Девчонка не любила трепаться почем зря. Она только изобразила актерскую улыбку, мудрую и неискреннюю, и тут до меня дошло, что и сам я давно уже существую только на страницах ее фантазии, что буду длиться до тех пор, пока не устанет придумывать все новые и новые мгновенья для меня, старого и химеричного.
2
Вечно дырявые, точно ладони ловца времени, Станиславские крыши незащищены ни единым флюгером – ничто не разгонит плотную непогоду над городом. Посему дождит постоянно, вода заливает улицы, булькает в подвалах, принуждая мышей к мореходству – даже маленькие мышата знают наизусть оснастку корабля. Да и в самый смирный, в самый францисканский день, с тонзурою солнечных бликов, продолжают падать громадные, будто дирижабли, капли, стекая сырыми стенами сознания.
Я шлепаю по виртуальным лужам, едва выдергивая ноги из тягучей трясины. На ободранных заборах, что гордо подхалимствуют у роскошного бедлама новостроек, пани Юлька в терновой косе. Предвыборные байки про обетованное повышения зарплаты и царство небесное, под руководством отдельно взятого политика. От заборов ужасно смердит – пива в тысячу раз больше, чем сортиров. Даже отвратительные, как диарея, кабинки биотуалетов не решают проблемы. Выбор всегда за дощатыми ограждениями.
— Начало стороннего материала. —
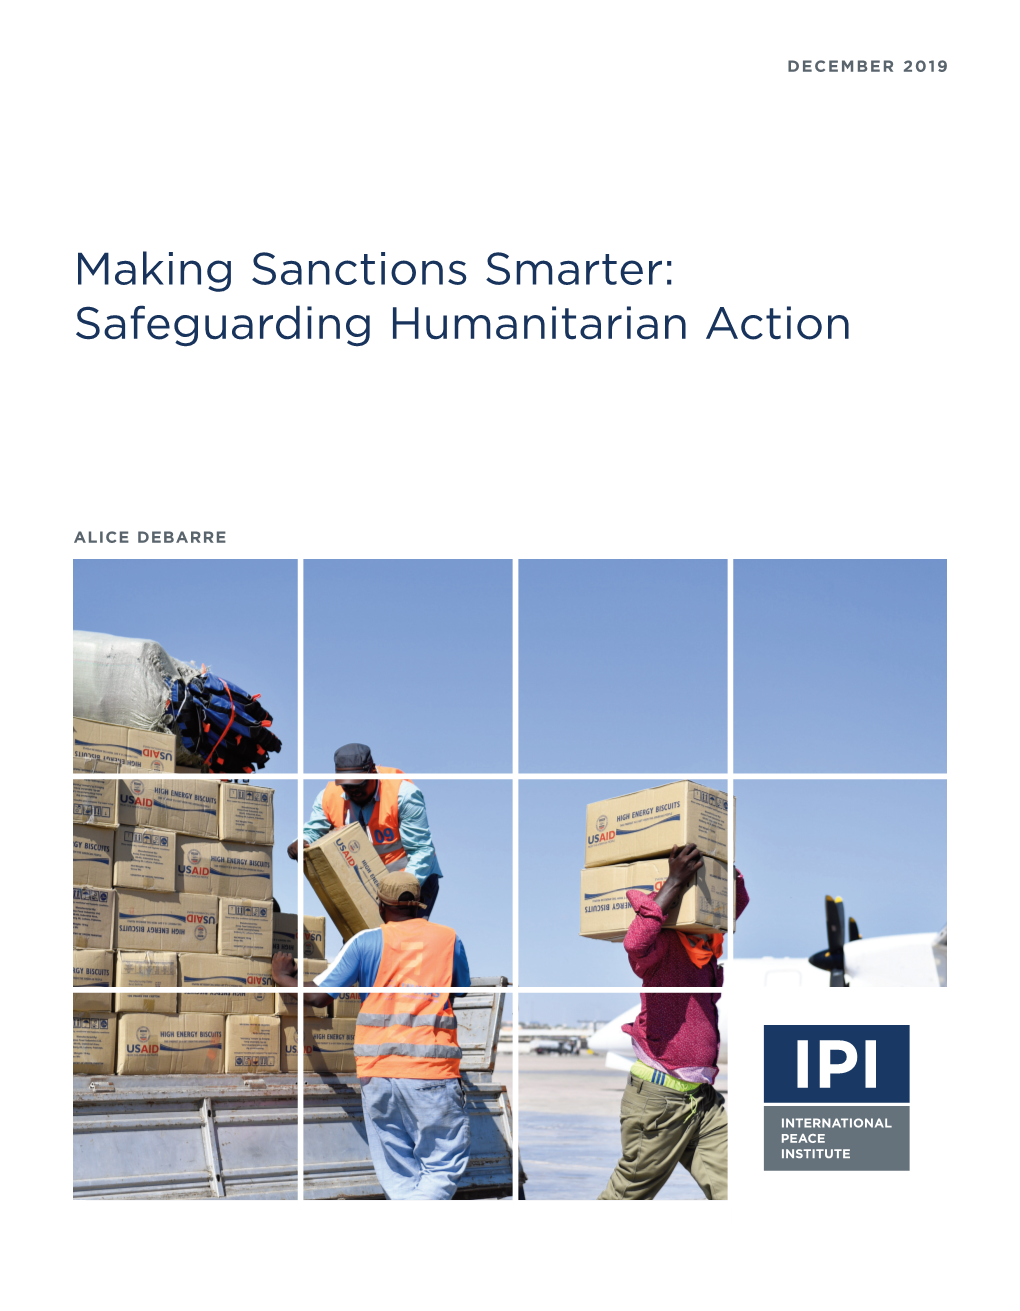 Making Sanctions Smarter: Safeguarding Humanitarian Action

В эту осень все было странным, в особенности - обычные вещи. Зубная щетка, ключи от квартиры, вечно рвущие карманы джинсов, пыль на лестнице, паутинка в углах лабиринта. Яблоки – уроды – уродились на славу – громадные, что твои арбузы. А запах, запах – клянусь, всем запахам Аравии несдобровать! Ботаник тут один (во всех смыслах ботаник – зануда, одетый в нафталин, очки и беспомощное высокомерие) выдвинул теорию – мол, это те самые яблоки, что очаровательно раскачивались еще на райских пальмах. Врет, скотина. Или не врет – все равно сволочь. Я вгрызаюсь в тугую, будто молодость, плоть этих плодов, но вопреки ожиданиям не ощущаю никакого познания. Да, теперь добро и зло не даются легко – мы уже не в состоянии постичь что-либо через желудок. Этой осенью совершенно не сочиняются стихи – Станиславские поэты от отчаянья валяются под столами пивнух, рвут волосы и бумагу, выбрасываются из окон первого этажа, тусуются в скверике имени бронзового Мицкевича и голубей, притворяются, будто играют в шахматы. То один то другой вздрагивают – это им чудится рифма или целая метафора, но, увы – плотнее присмотришься и это только ход коня на e5, бездарный и разгромный. Зря они так ждали листопада, утонченного звона, прохладцы – это не осень шелеста, у этой осени, как у преступного колокола вырван язык и она совершенно беззвучна, как мир для умершего наполовину. Ганжовые вечера. Обкуренные подростки в сумерках галдят, оттягиваются, совокупляются – поломанные скамейки долго хранят тепло их разгоряченных ягодиц. Бомжи пользуются – прижимаются к этим жарким доскам, как к теплой крестьянской печи. Недоделанные, отесанные кое-как, звездочки деревенской эстрады топчутся, орут на эстраде перед ратушей: «Двiчi в одну рiчку не ввiйдеш». Не на этом ли самом месте в давние годы стоял эшафот, с которого точно также вдохновенно вопили колесуемые и четвертуемые разбойники – опришки?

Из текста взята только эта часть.